If you start getting more requests than you expected, then you just spin up more workers.
Queues can be used in code if you need to process something in order in your application, but they are most commonly used at the infrastructure level.
So, we have covered various ways of storing multiple values in a data structure.
But what if you want to make sure that something is only added to a list once to avoid duplicates?
This is where a HashSet comes in. A HashSet performs a hash on the data and then stores it according to its hash. This prevents duplicates from occurring in your set.
The key difference between a HashSet and the other data structures we have looked at is that a HashSet doesn’t store items in the order you insert them. It stores them based on the hash of the data.
HashSet are perfect when you want to prevent duplicates of the items you are storing but aren’t good if you need items in a particular order.
Next up are dictionaries.
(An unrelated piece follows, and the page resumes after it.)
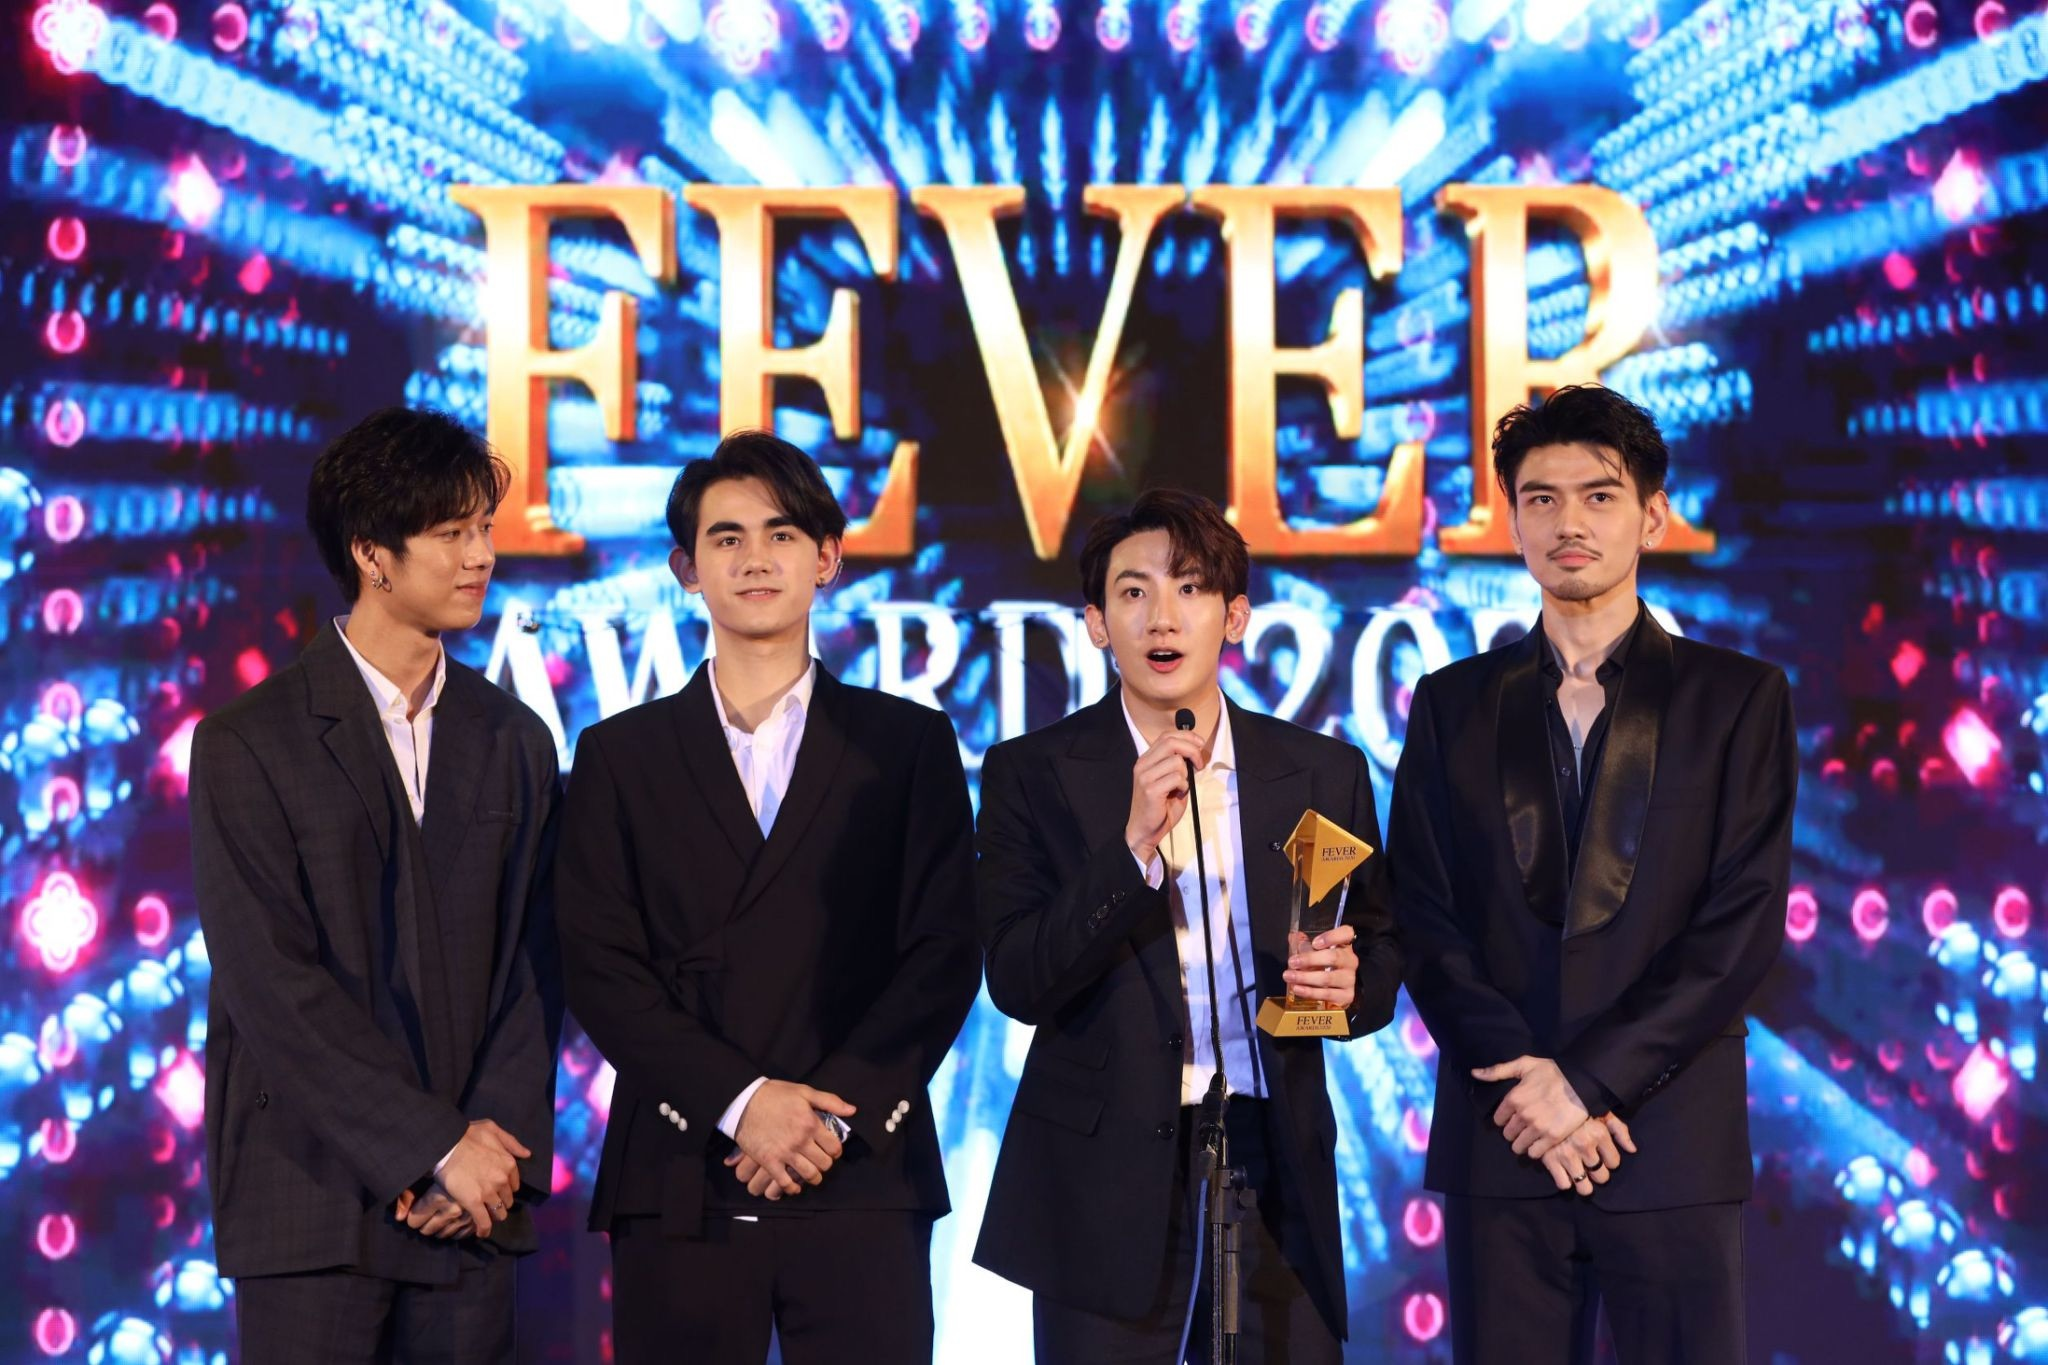 Fever Awards 2020

Dictionaries are similar to hashsets in that you can’t store duplicate values in them.
However, they work on key-value pairs.
If you think of a real dictionary, you can look up a word and find its meaning. The word in the dictionary is essentially the key, and the meaning is the value.
So, dictionaries allow you to store a key and then use it to look up another value.
Key-Value storage like dictionaries has so many uses in programming. They are often used for caching values against a key. Which is essentially what Redis is doing.
They can also be used for things like in-memory lookup tables as well.
Dictionaries are a form of hashmap. The key that you are storing gets hashed, and the hash is then used to look up the value.
HashSets work on hashmaps too, they just hash the value itself instead of a key.
Like a HashSet, dictionaries aren’t stored in order of insertion. This generally isn’t an issue anyway, as you will be using the key to retrieve data from it.
If you do need an ordered dictionary, most languages offer this as an option too.
Next, we have Linked Lists. Linked Lists are another way of storing multiple values.
As the name suggests, each item in the list is linked to the next item and usually also linked back to the previous item.
Unlike normal lists, there is no way to access a particular item in the list by its index, instead, you need to traverse the whole list from start to finish.
Unlike arrays and lists, linked lists aren’t stored in memory as a contiguous block. Instead, each item in the list has a reference or pointer to the next and often previous item.
This way, new items can be added or deleted from the list without having to reallocate memory for the entire list. This makes insertions and deletions a lot quicker and more predictable.
You can even insert an item into the middle of a list quickly, as only the nodes on either side of the insertion need to be changed.
Linked lists are perfect if you don’t need random access to items, and you want to ensure a constant insertion or delete time, which is crucial for real-time applications where every millisecond counts.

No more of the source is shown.